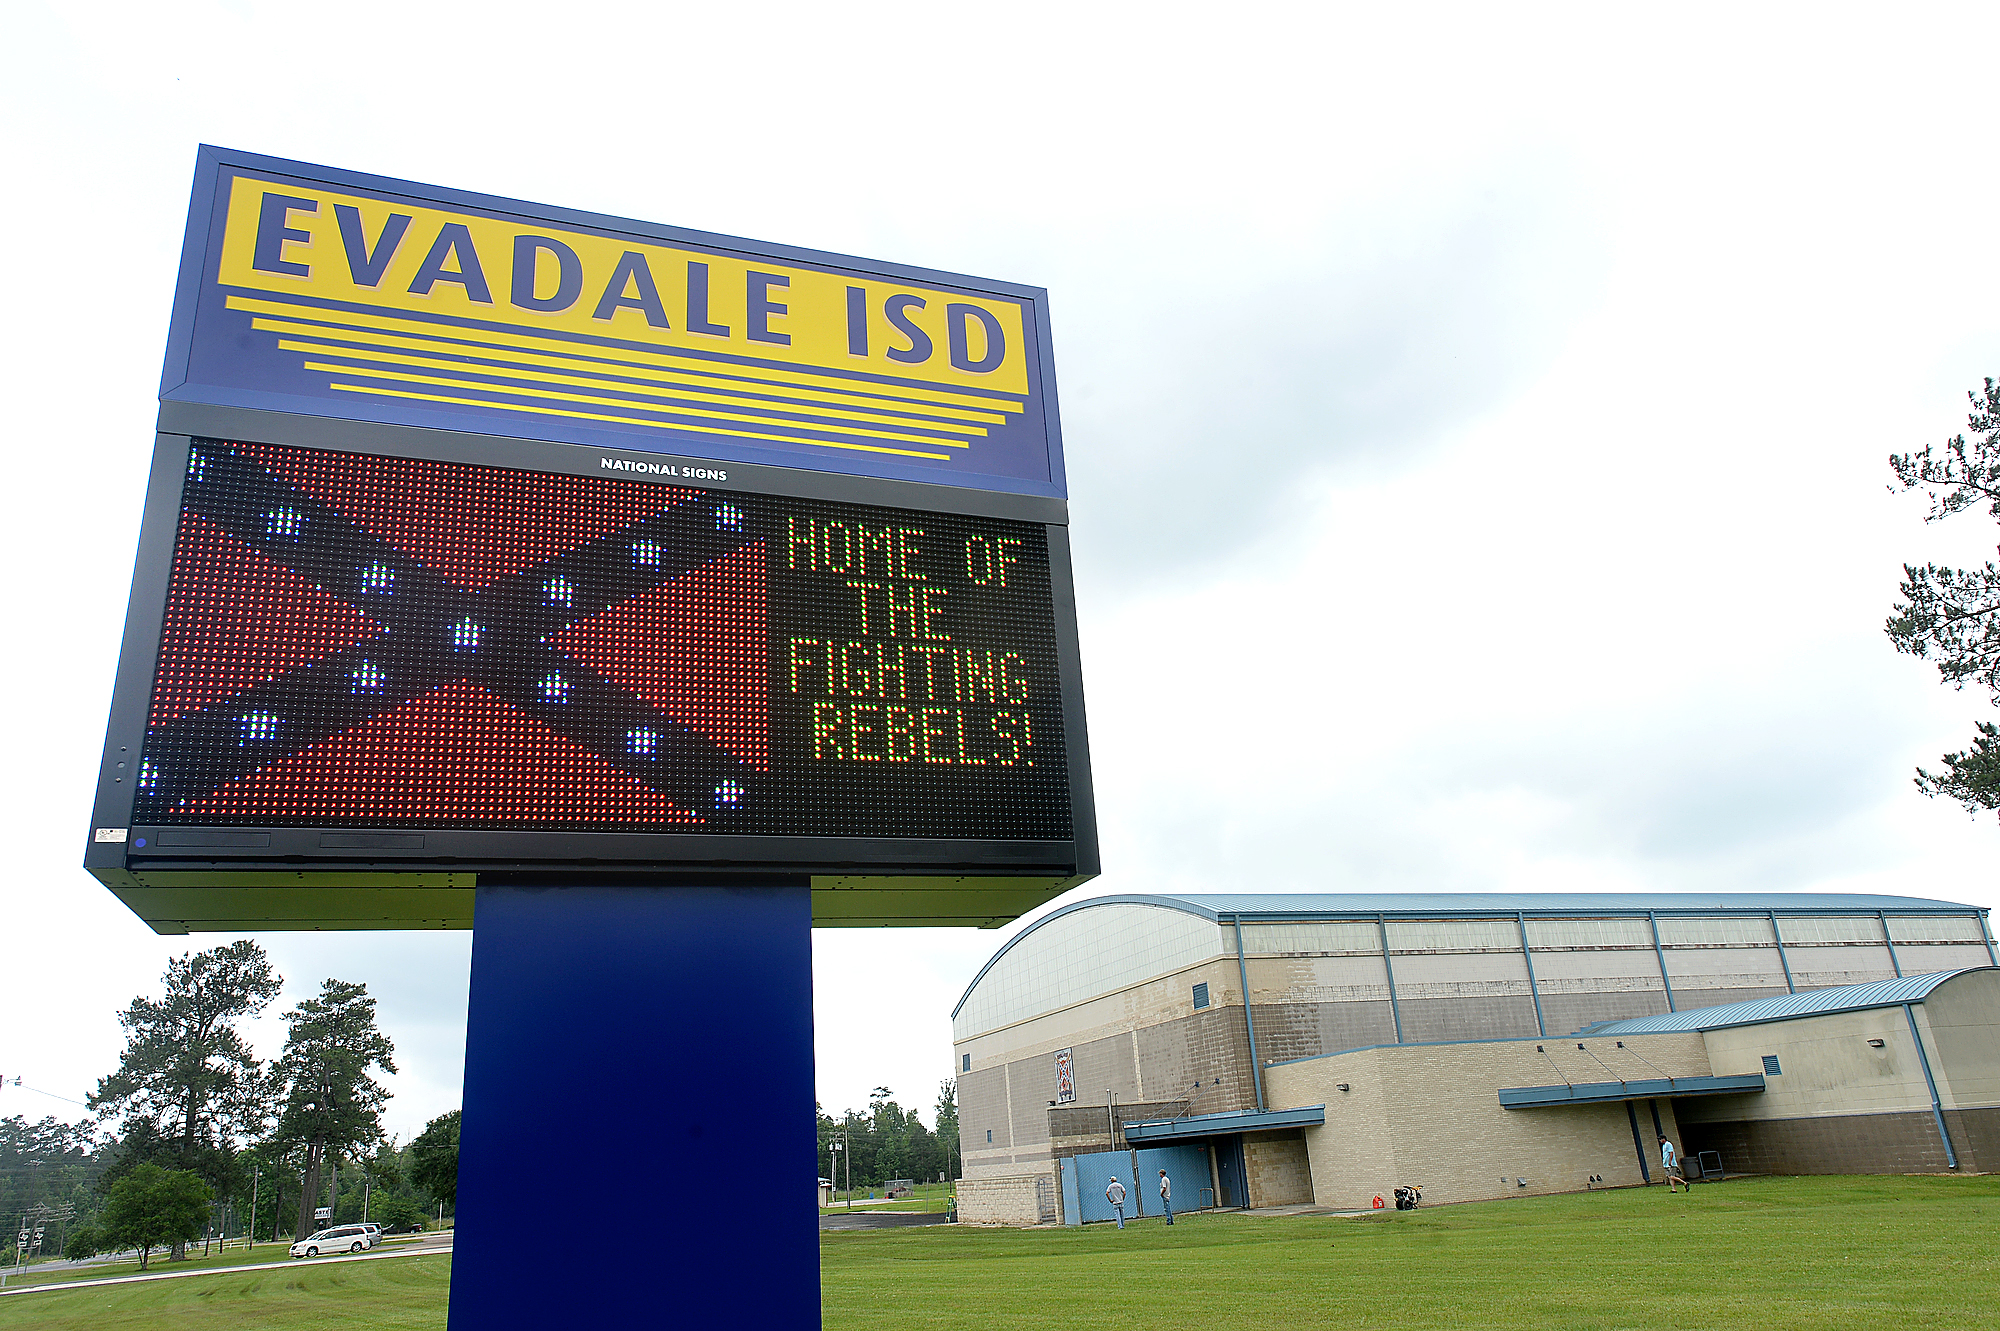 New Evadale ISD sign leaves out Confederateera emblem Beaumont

+ + + +

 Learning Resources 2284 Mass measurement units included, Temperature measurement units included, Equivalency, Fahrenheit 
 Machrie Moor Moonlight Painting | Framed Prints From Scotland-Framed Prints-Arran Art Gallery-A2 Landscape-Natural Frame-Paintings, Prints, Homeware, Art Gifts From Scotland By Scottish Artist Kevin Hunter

+ + + +

● **What you should do**
Going back to the entries above, set down exactly the lines that begin at the one with "Learning Resources 2284" and end at the one with "Machrie Moor Moonlight", both included, and nothing else.

● **Response**
 Learning Resources 2284 Mass measurement units included, Temperature measurement units included, Equivalency, Fahrenheit 
 Machrie Moor Moonlight Painting | Framed Prints From Scotland-Framed Prints-Arran Art Gallery-A2 Landscape-Natural Frame-Paintings, Prints, Homeware, Art Gifts From Scotland By Scottish Artist Kevin Hunter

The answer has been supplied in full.